Yukarıda tarih ve numarası yazılı hükmün temyizen tetkiki taraf vekillerince istenmiş ve temyiz dilekçelerinin süresi içinde verildiği anlaşılmış olmakla dosyadaki kağıtlar okundu gereği konuşulup düşünüldü:
K A R A R –
Dava, eser sözleşmesinden kaynaklanan iş bedeli alacağının tahsili istemiyle başlatılan ilâmsız icra takibine davalı borçlu tarafından yapılan itirazın iptâli ile takibin devamı ve icra inkâr tazminatı istemine ilişkindir.
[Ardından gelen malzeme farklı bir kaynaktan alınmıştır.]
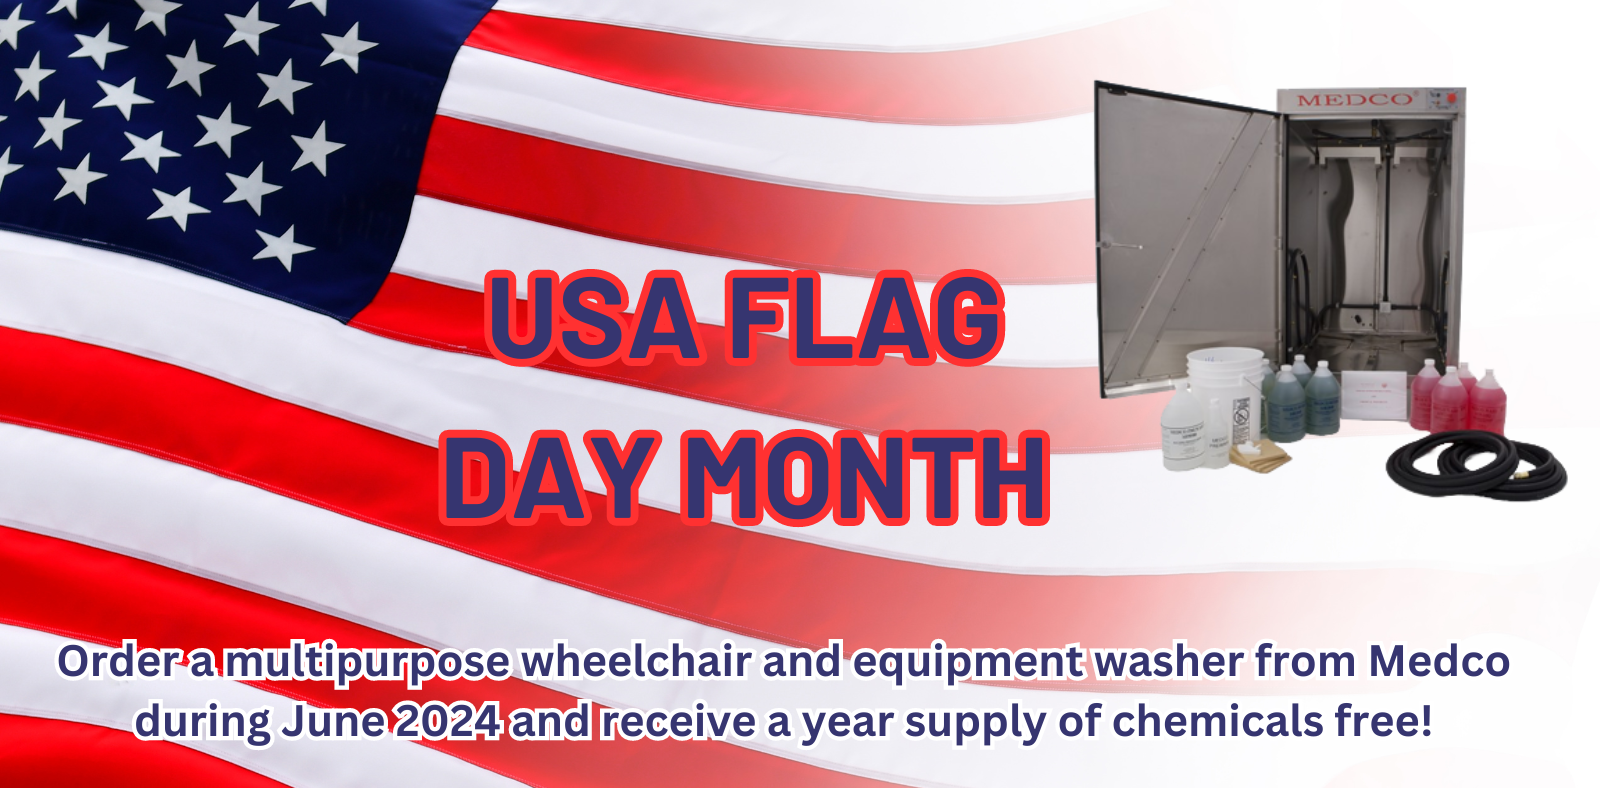 Order a multipurpose wheelchair and equipment washer from Medco during June 2024 and receive a year supply of chemicals free!

Mahkemece davanın kısmen kabulüne dair verilen karar taraf vekilleri tarafından temyiz edilmiştir.
1-Dosyadaki yazılara, kararın dayandığı delillerle yasaya uygun gerektirici nedenlere ve özellikle delillerin takdirinde bir isabetsizlik bulunmamasına göre davacı vekilinin tüm, davalı vekilinin aşağıdaki bendin kapsamı dışında kalan sair temyiz itirazlarının reddi gerekmiştir.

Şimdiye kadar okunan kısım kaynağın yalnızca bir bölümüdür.